In modern times, here in the US, Christmas begins the day after Thanksiving and implodes on Christmas Eve. In really devout areas, it seems to begin the day after Halloween … by the time 12th Night rolls around, the stores are displaying Valentines and Easter eggs. We scorned such claim-jumping. Not even Peeps and Cadbury eggs could persuade Kage to abandon the Midwinter festivities before 12th Night.
Kimberly’s family feels much the same. The tree is still up, though it will come down tomorrow. The lights are still strung for the Christmas display, in multi-coloured glory; after tomorrow, we’ll clear off the polychrome and revert to icy white and blue for the duration of January. The seasonal evergreen light over the front door will be changed out for a blue one. Kim and I like to keep a string of lights on the front window year-round, and the colours are changed monthly to reflect the season. What comes after Christmas is frost.
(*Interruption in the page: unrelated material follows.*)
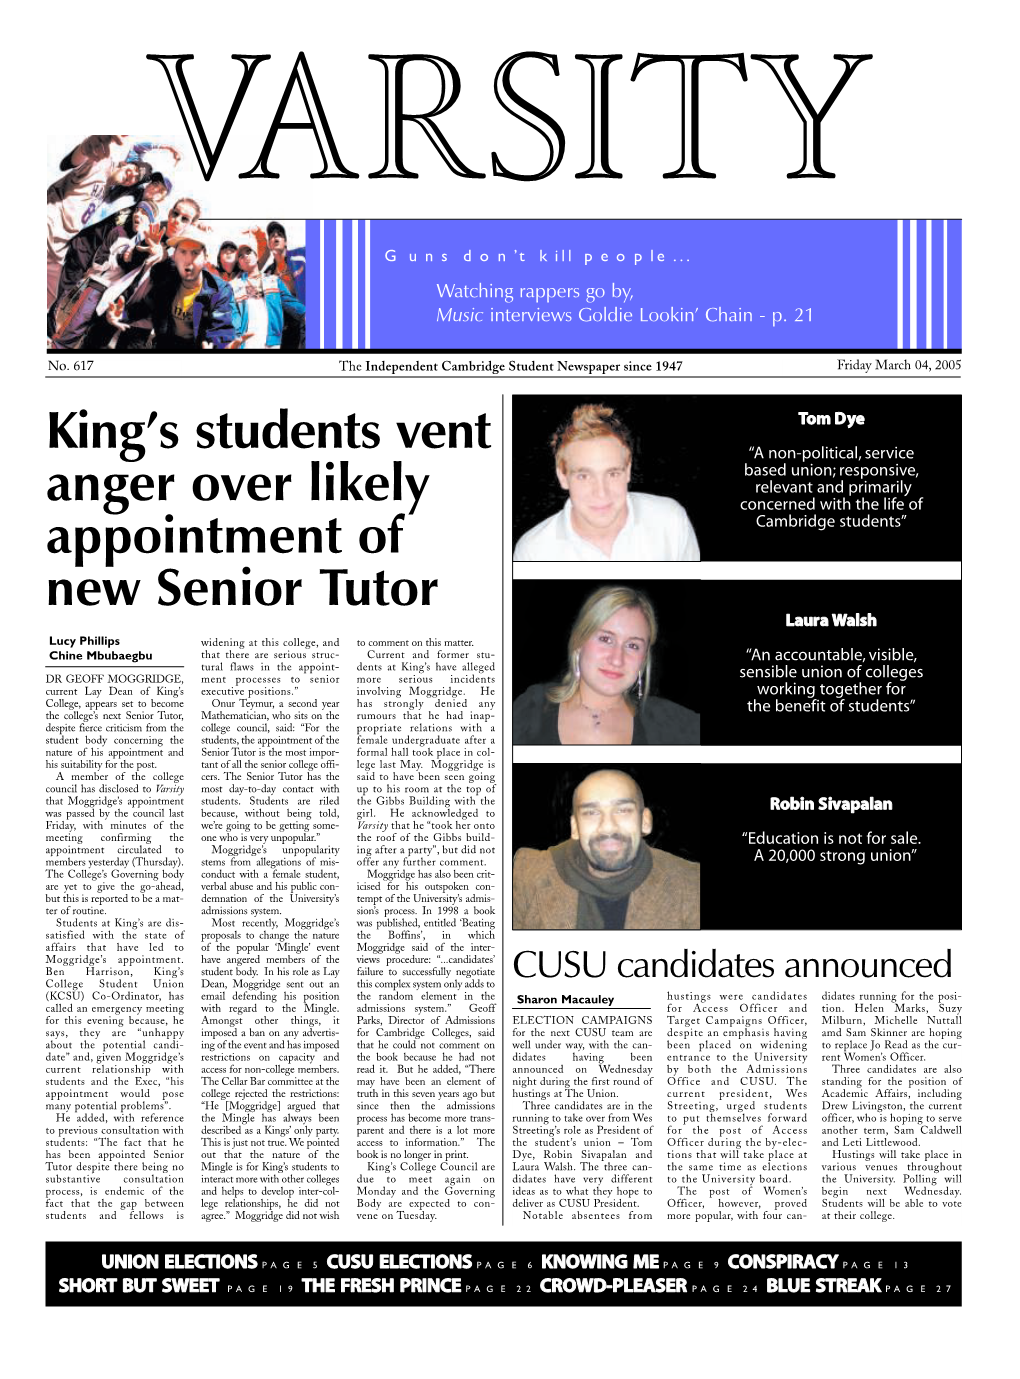 King's Students Vent Anger Over Likely Appointment of New Senior Tutor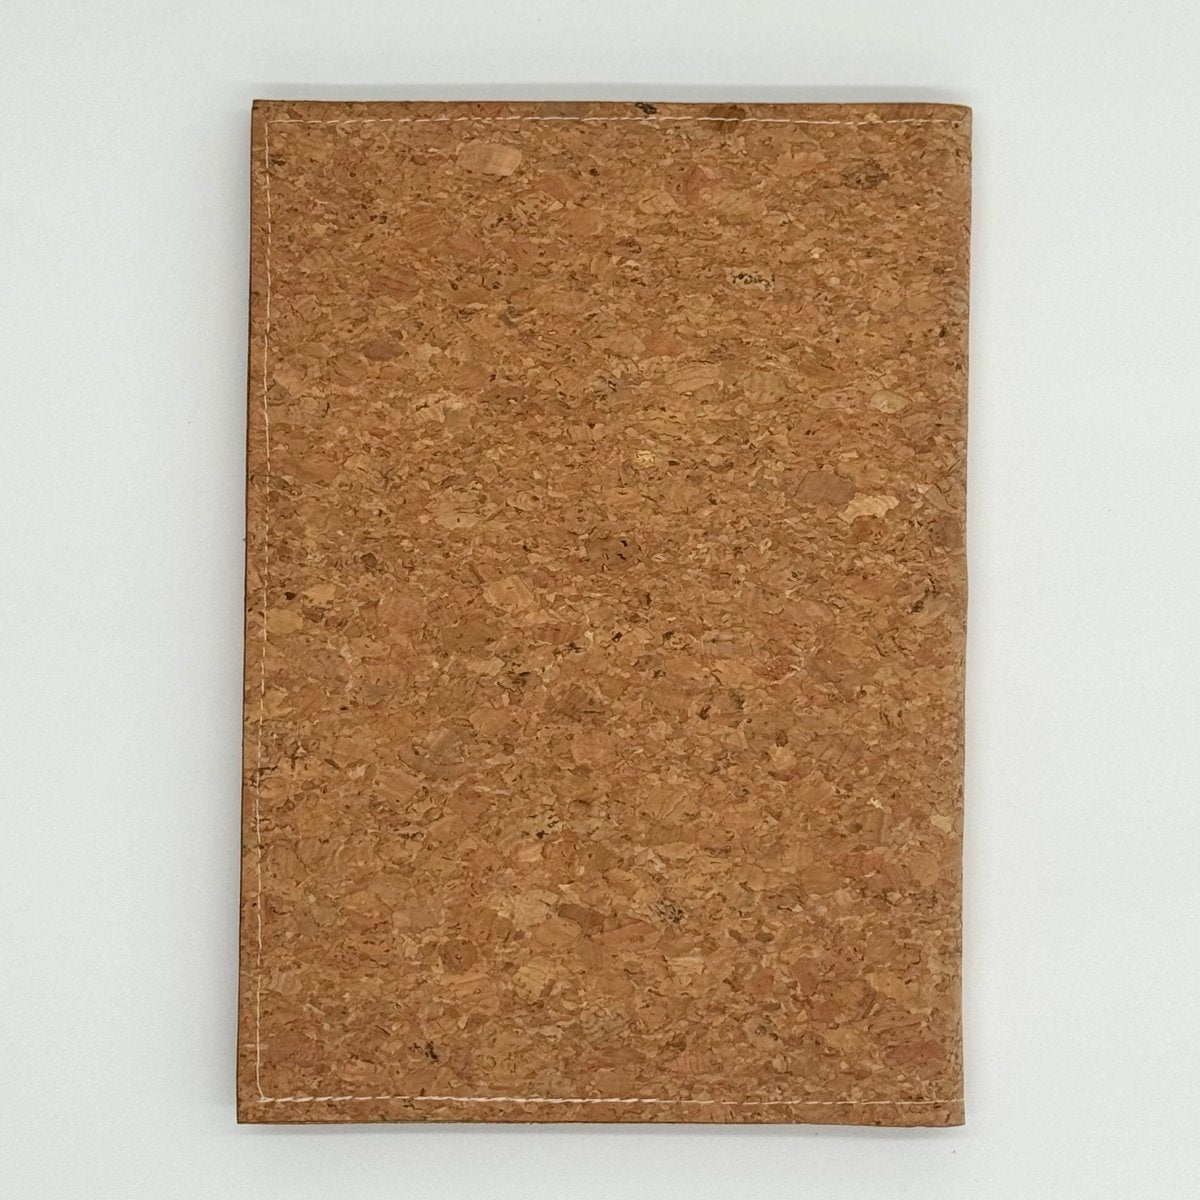 Embroidered or Engraved Cork Leather Notebook Cover with Refillable Notepad - Small -NTPDCVR-0002 - Texas Cork Company

Literally. Even here in Southern California, there are places where frost makes its appearance in the black heart of winter. I live in one of those micro-climates. January is the coldest month down here, and it’s in the last week that we’ve had to begin scraping frost off the cars in the mornings. The lawn recovered nicely from the summer heat, and now we have to worry about frost-kill … but it never lasts long down here.
The Christmas cactus is covered with scarlet flowers twice the length of the hummingbirds that come to raid them; the oxalis is showing its first neon-yellow blooms, the rosemary is covered with pale-blue flowers. Various bulbs are displaying blunt anonymous buds rising through the mulch of dead leaves to surprise us. No, the frost won’t last; but while it’s here, we’ll honour it with the appropriate lights.
This is what Kage and I always did, and it’s a joy to me that Kimberly still does it, too. I like the domestic habit of helping the seasons along their path with ritual lights. It’s one of the great advantages of electricity! Though if I had to do it with candles or oil, I would. I have, not always having lived where current flows … and despite the fact that I have a fibre optic Christmas tree plugged into the UCB port of my computer even as I write this, it’s keeping company with coloured candle cups: just in case the power fails.
Gotta keep the lights lit. That’s something in which Kage’s determination never faltered, whether it was votive candles on top of her view screen or the lamps she lit in the windows for every Quarter Day’s changes. If we want the light to dwell with us, we have to make it sure knows where we live, right?